Intranasal phenylephrine in the operating room - how many drops?

Joana A. Almeida*, Andreia F. Sá, Ana M. Remelhe, Humberto S. Machado

Serviço de Anestesiologia, Centro Hospitalar Universitário do Porto, Portugal

Background: Topical vasoconstrictors are commonly used to minimize bleeding during Ear, Nose and Throat surgeries. Phenylephrine is one of the most commonly used and could be an underrecognized source of intra-operative events. Total dose of administered drugs is often unmeasured.

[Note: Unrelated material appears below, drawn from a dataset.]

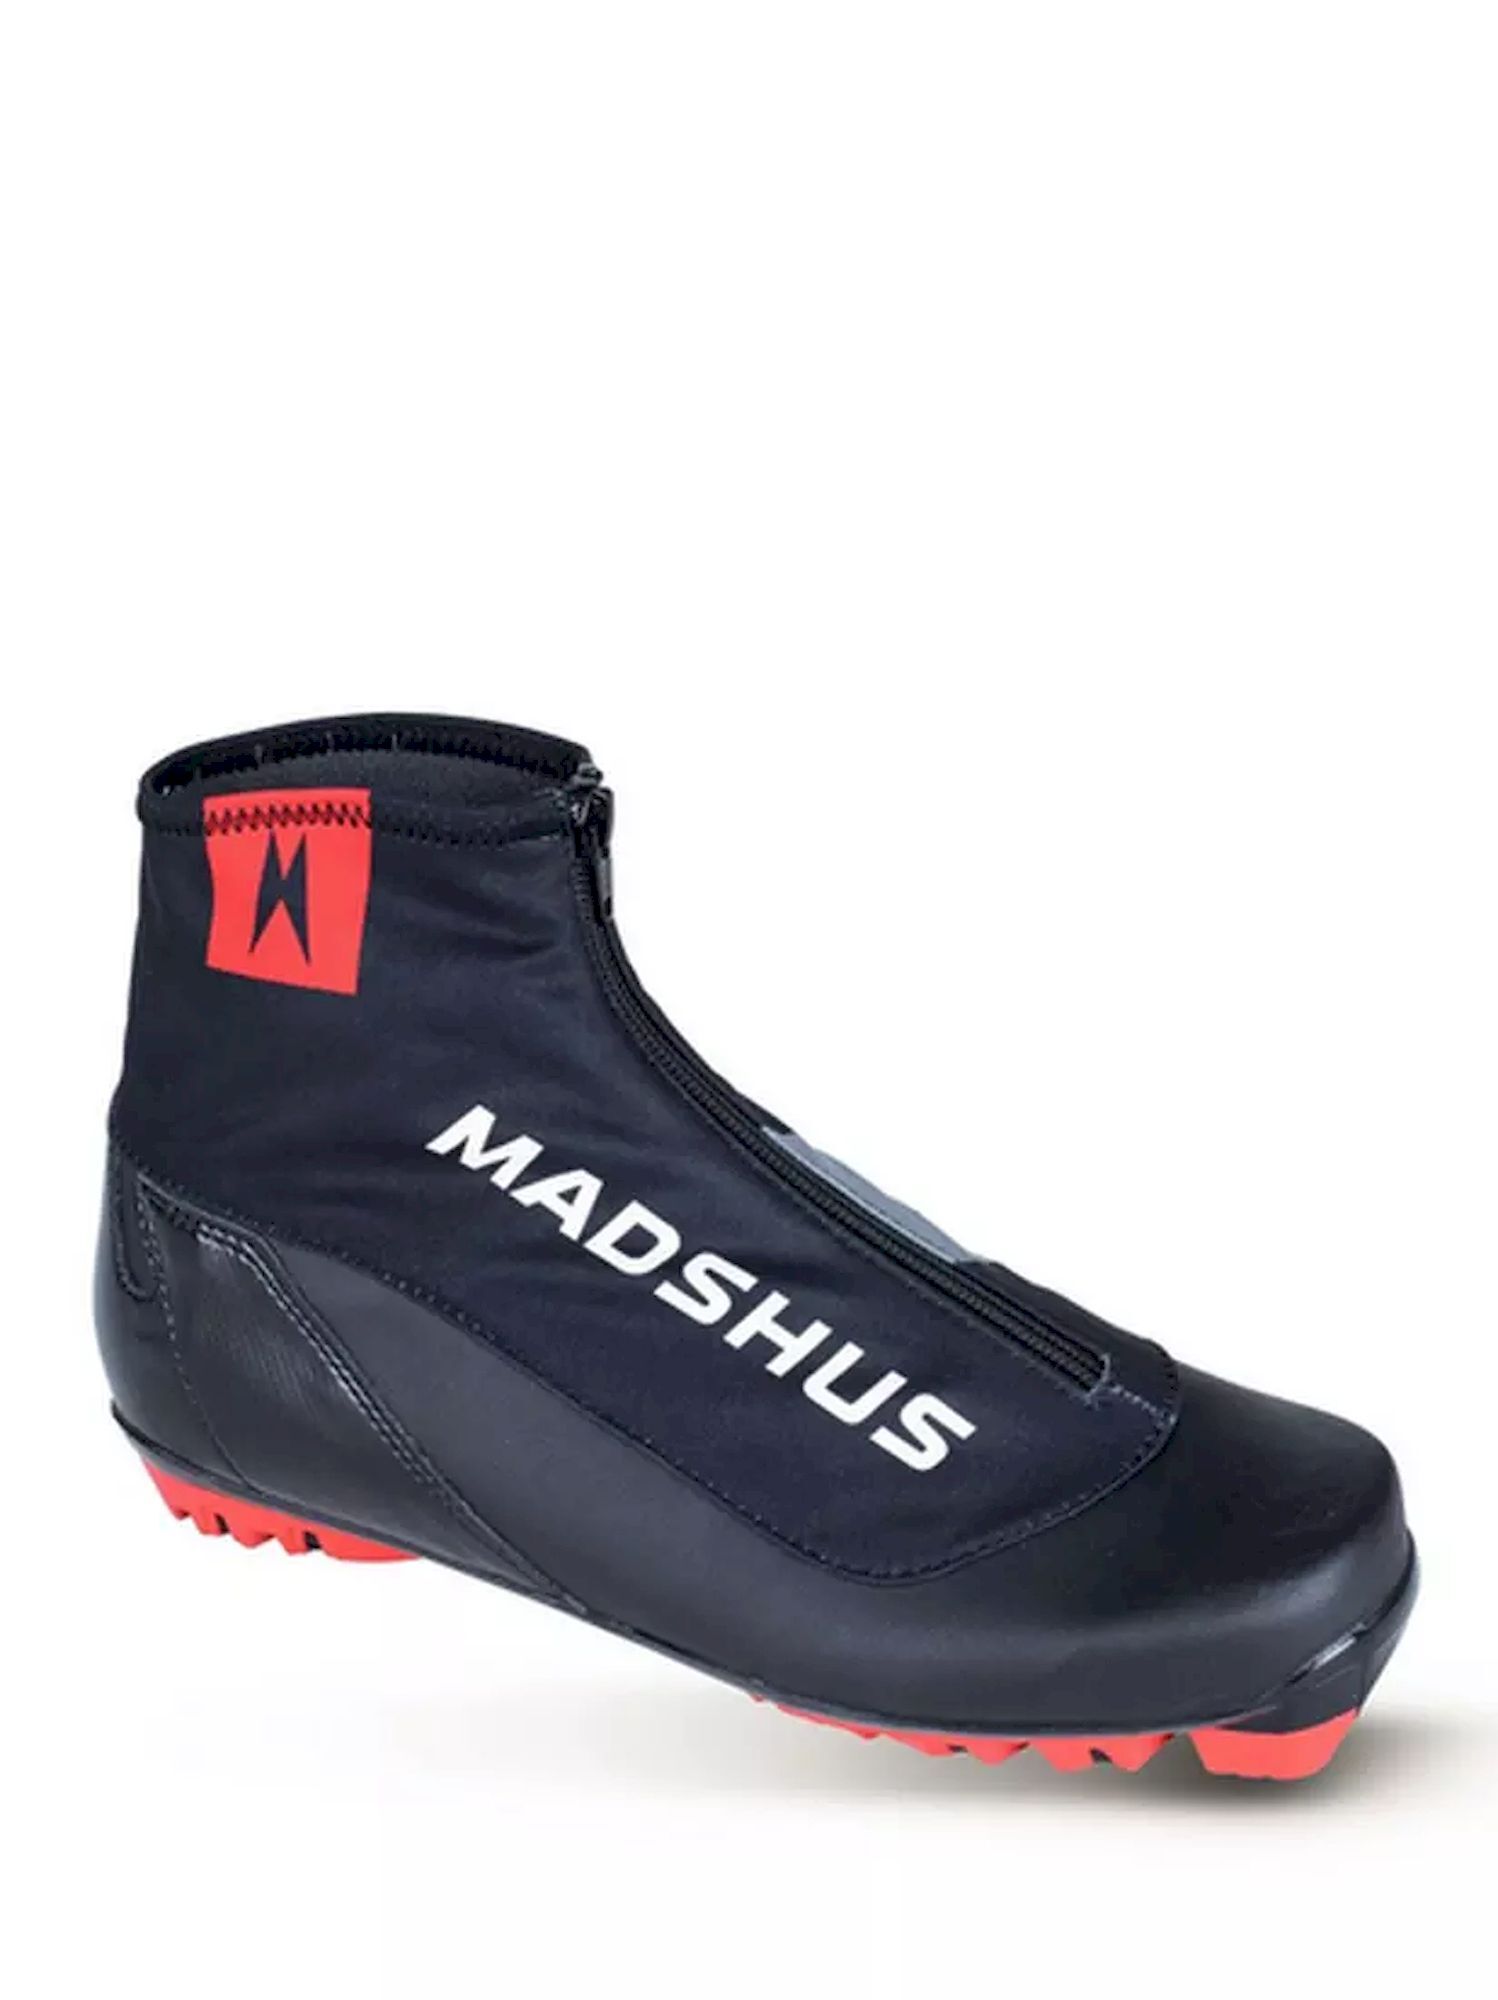 Madshus Endurace Classic - Langrendsstøvler | Hardloop
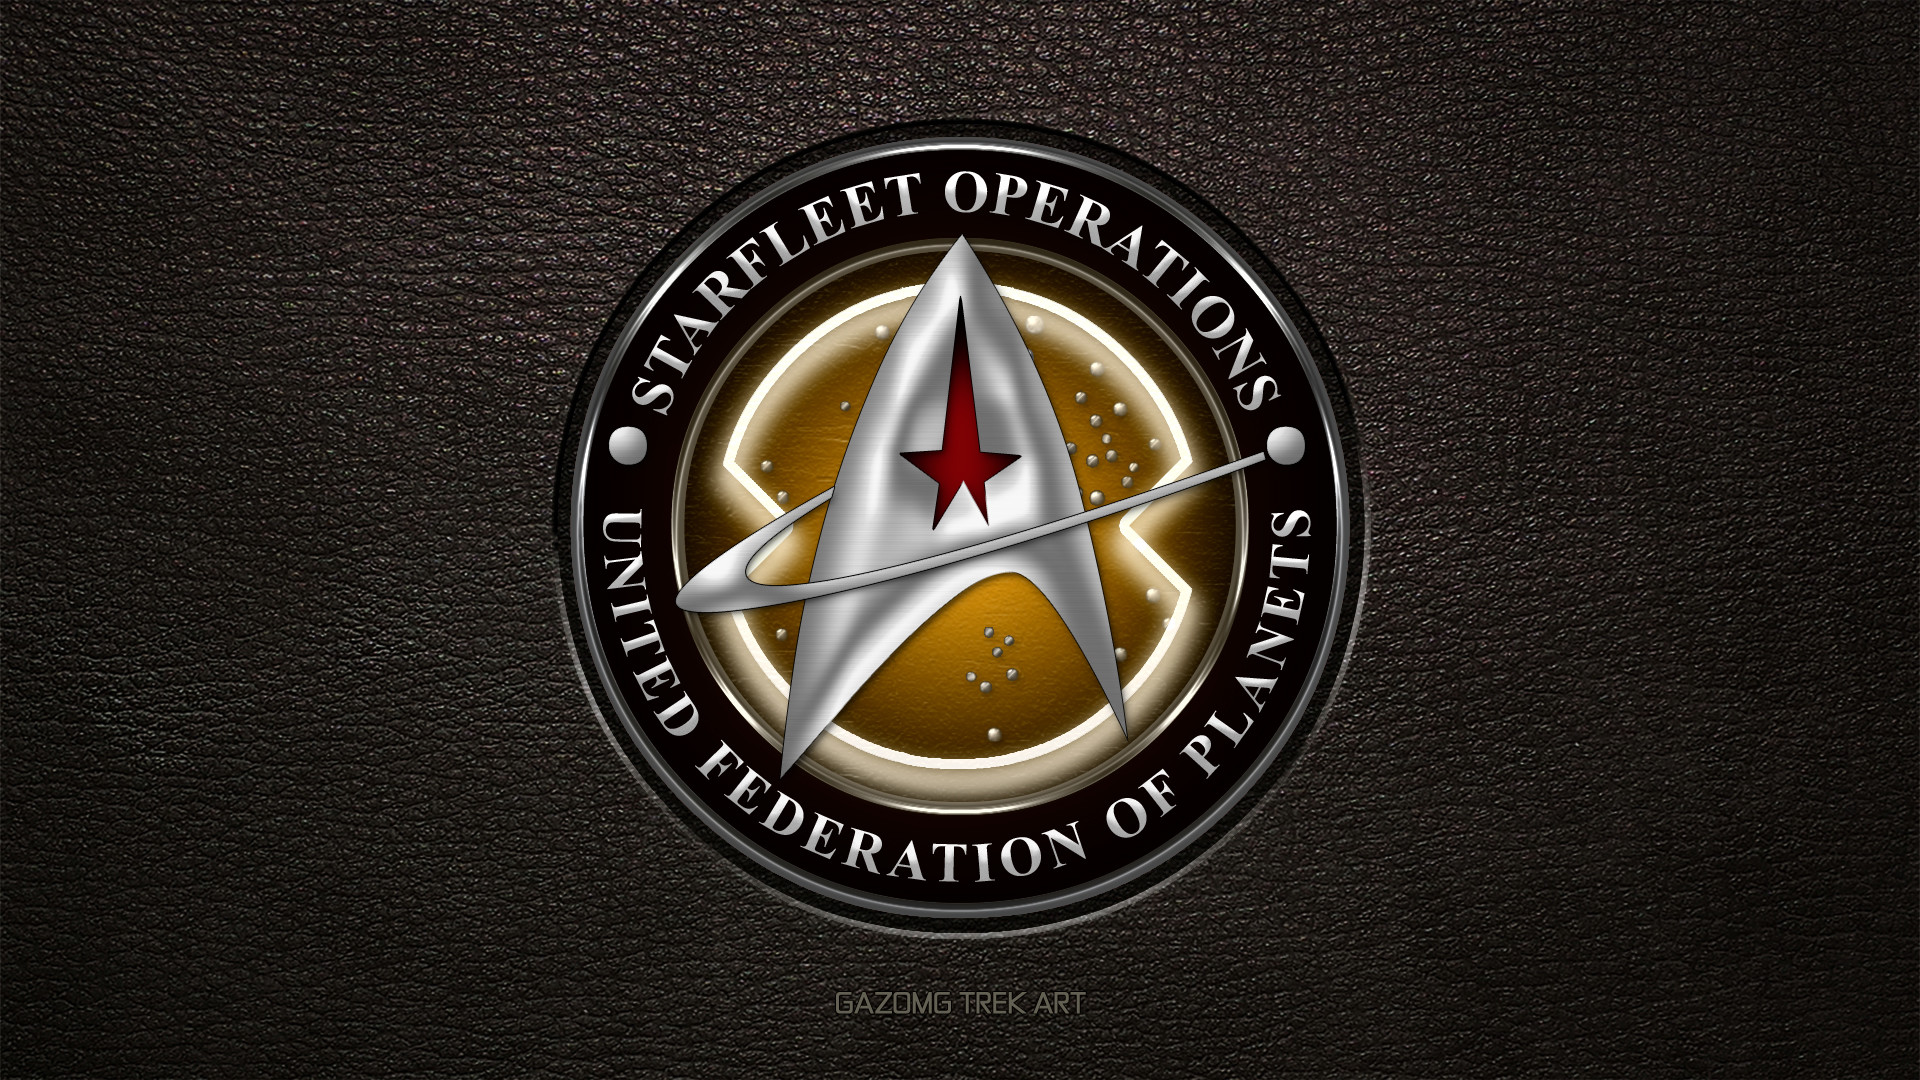 Star trek starfleet operations th century logo by gazomg

Cases of acute pulmonary edema, cardiac arrest and death after topical vasoconstrictors (TV) have been reported. Maintenance of cardiac output is of paramount importance to avoid cardiovascular collapse. β1 receptor blockage reduces cardiac output, it is contraindicated in these situations.

Case: This case describes an intra-operative critical event after an unknown amount of phenylephrine administration.

Conclusion: Lack of awareness about phenylephrine maximum recommended dose may induce complications leading to haemodynamic instability. The authors aim to raise awareness about the use of TV, including dose, administration site and also clinical signs and symptoms that may appear after its use.  Special attention must be addressed to the drug choice for the support treatment of eventual cardiovascular symptoms.